Action item. Reproduce the listing below in full and exactly; no pictures belong in the copy.

Segment Start: Collected material

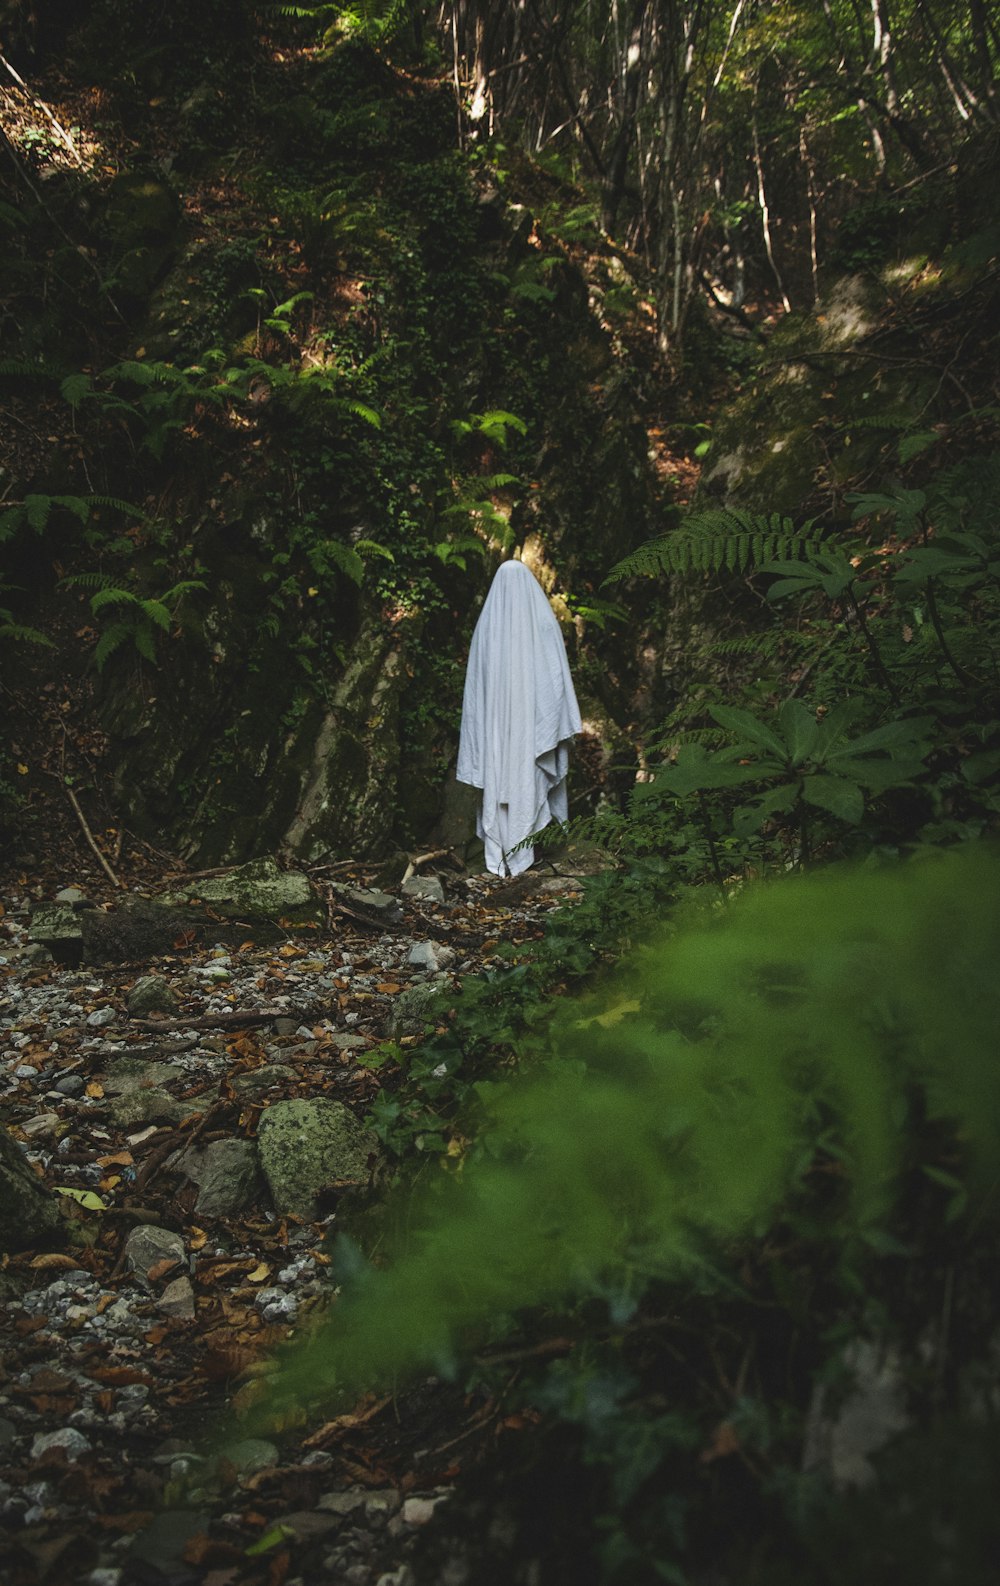 하얀 드레스를 입은 여자가 숲 속을 걷고 있다
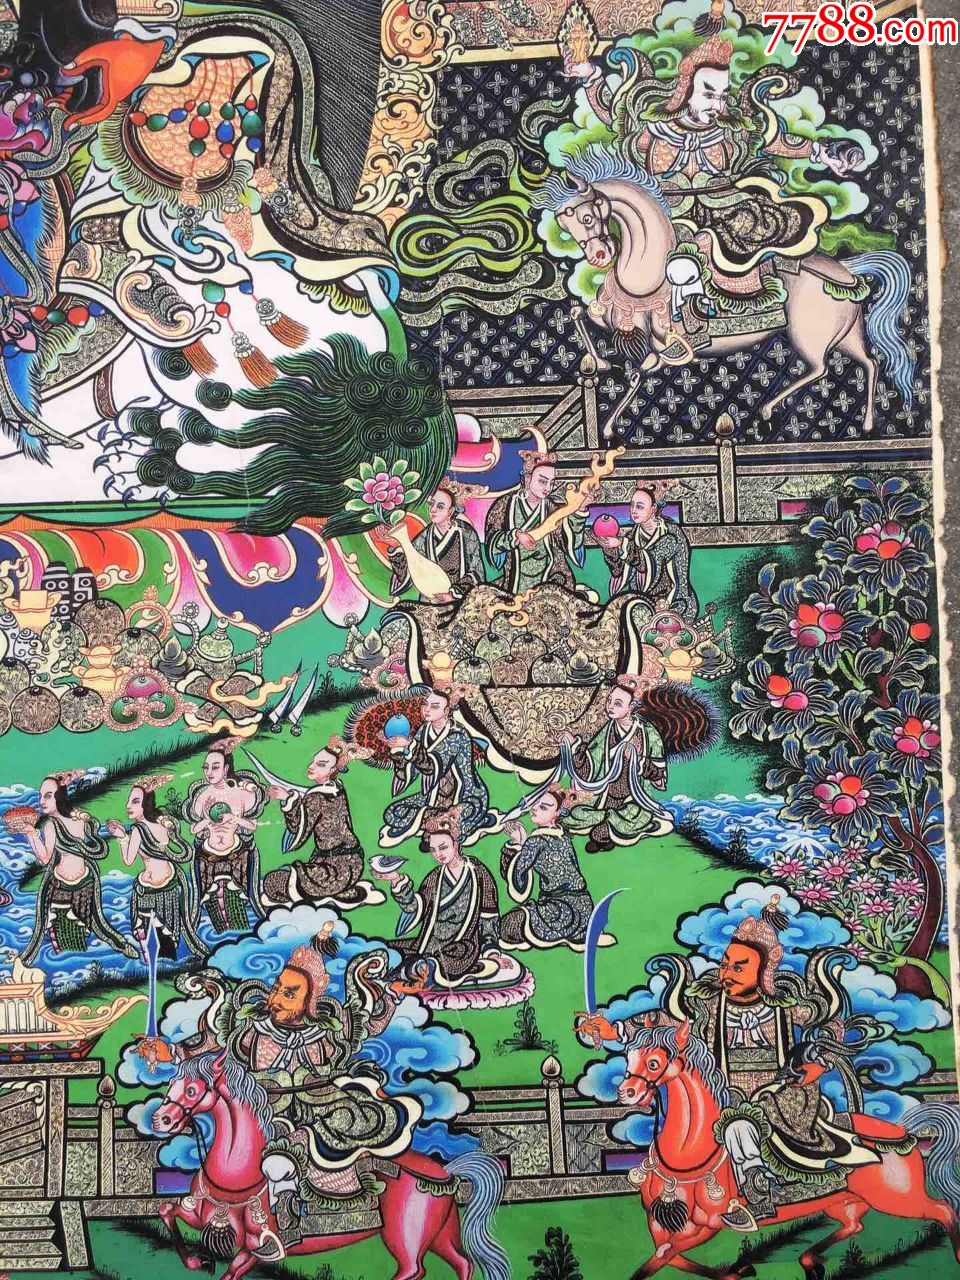 西藏唐卡八方财神画芯旧唐卡,未装裱,此唐卡早期丝绢纸印刷
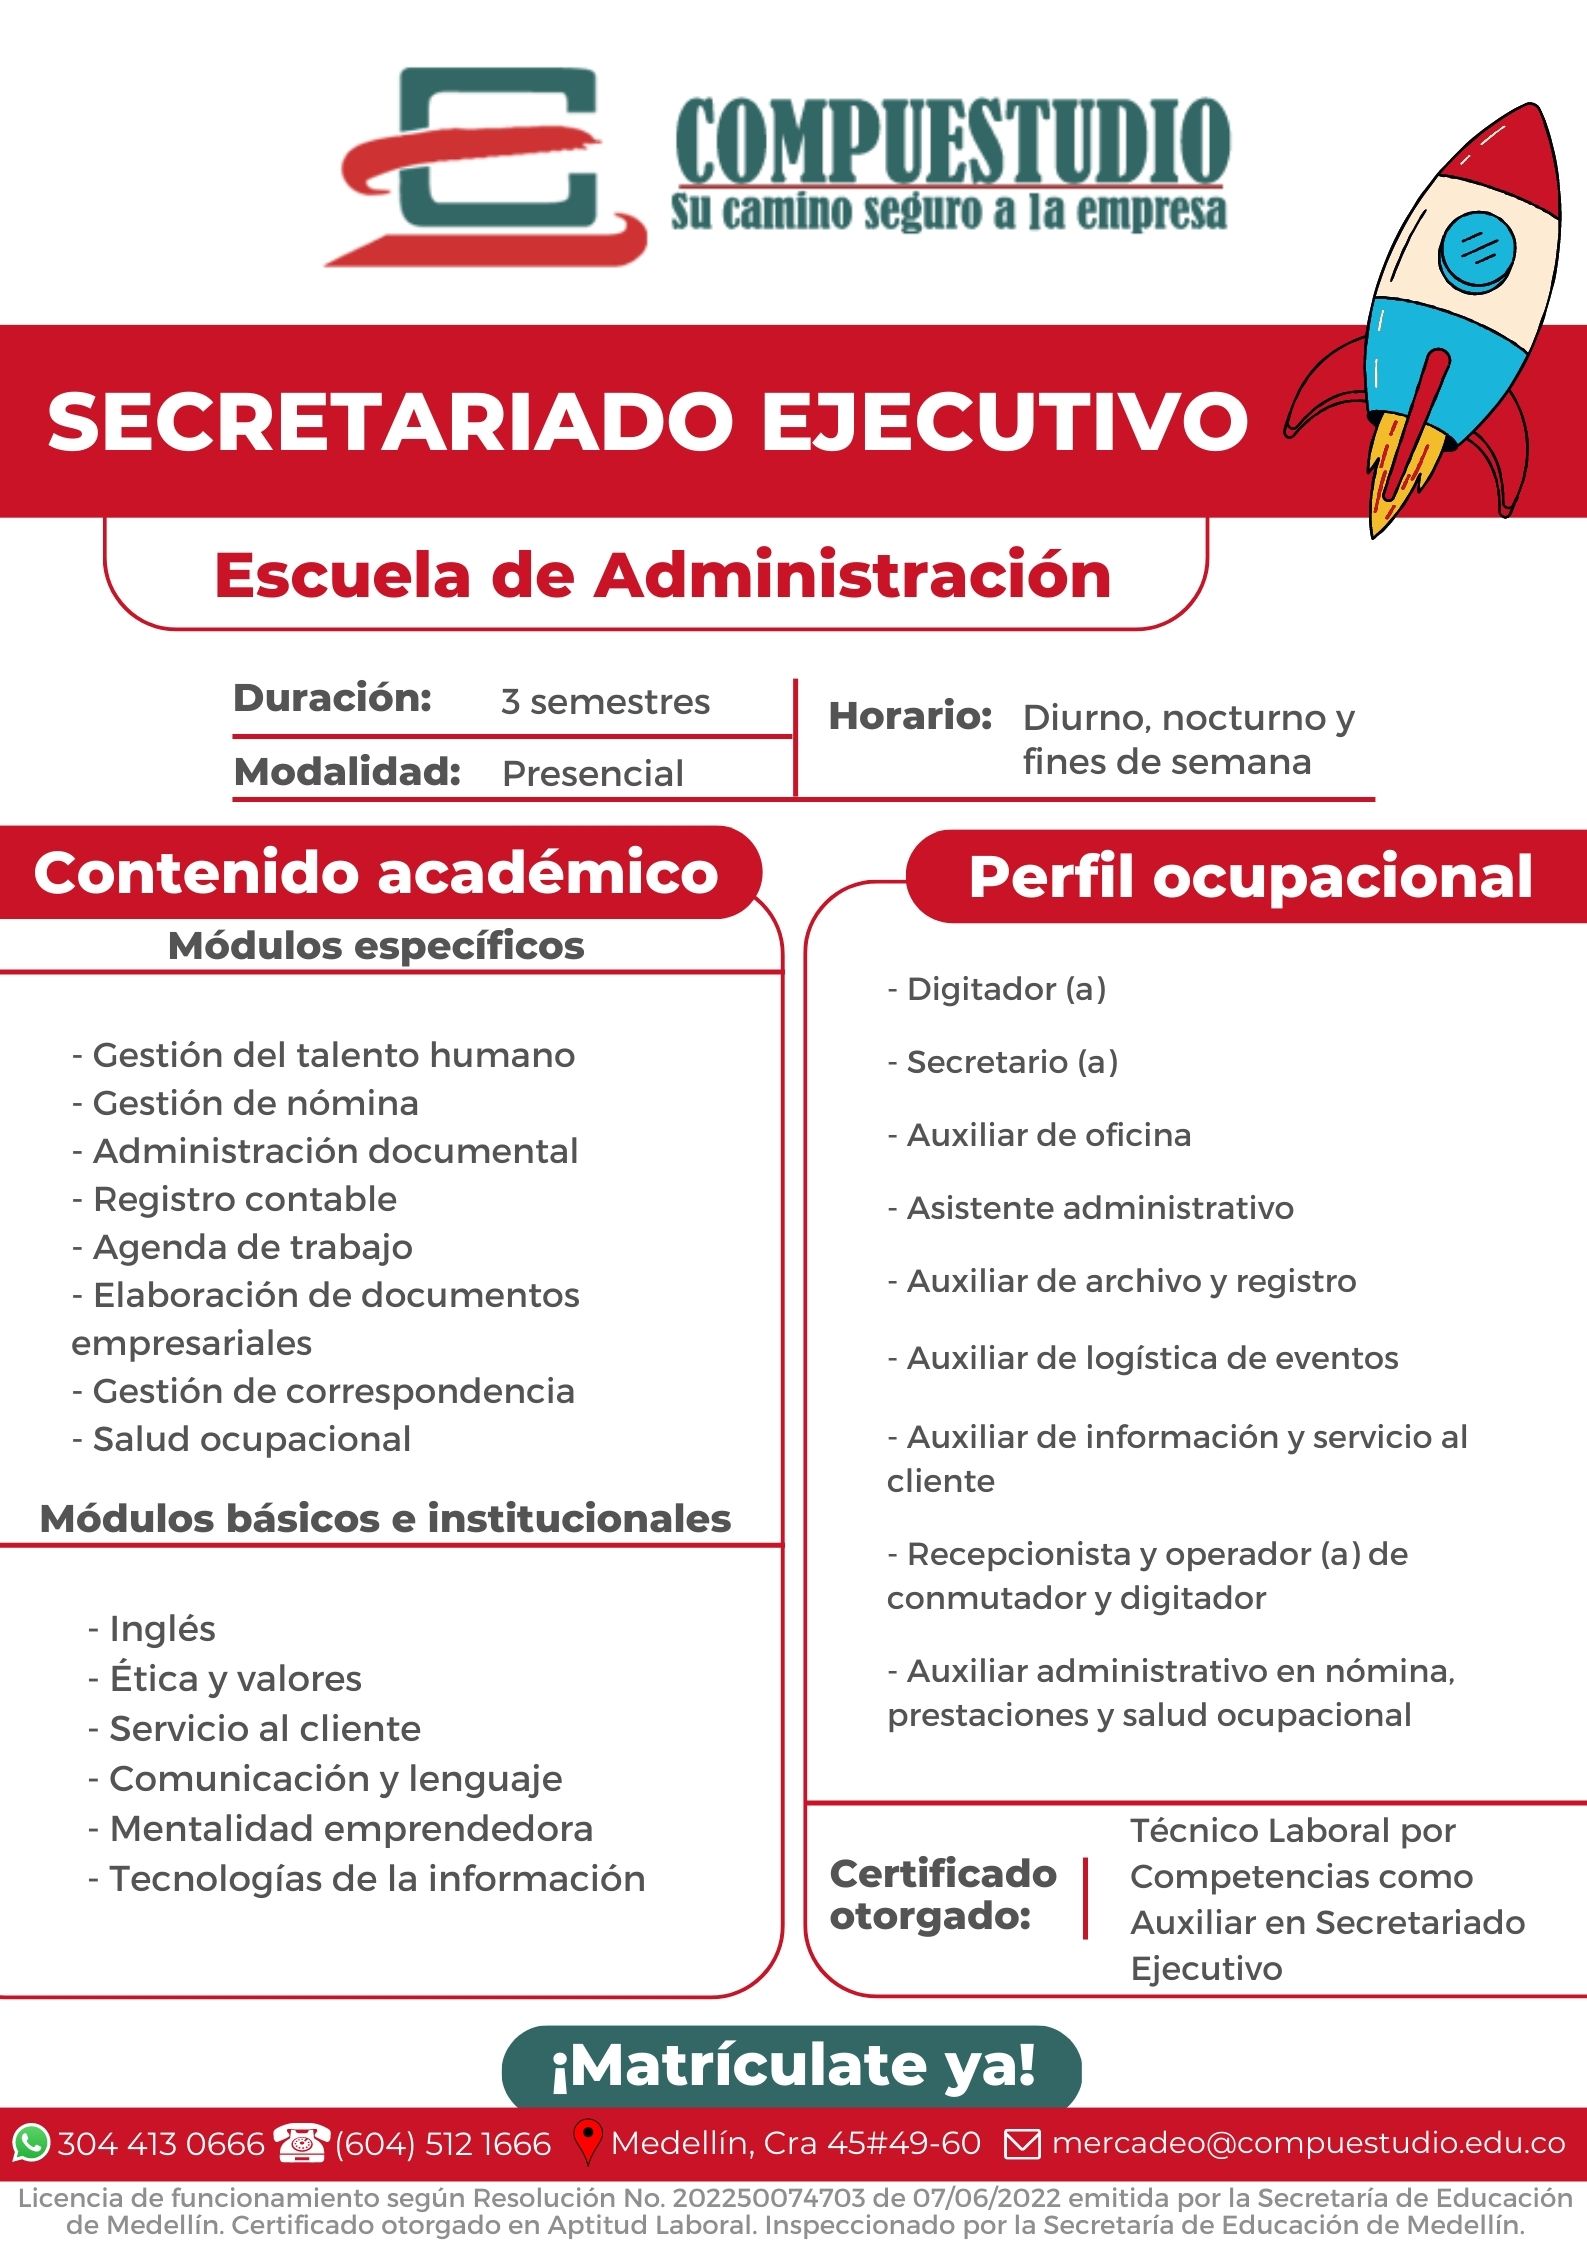 Secretariado ejecutivo, Medellín Compuestudio

Segment End: Collected material

Expected output.
 하얀 드레스를 입은 여자가 숲 속을 걷고 있다
 西藏唐卡八方财神画芯旧唐卡,未装裱,此唐卡早期丝绢纸印刷
 Secretariado ejecutivo, Medellín Compuestudio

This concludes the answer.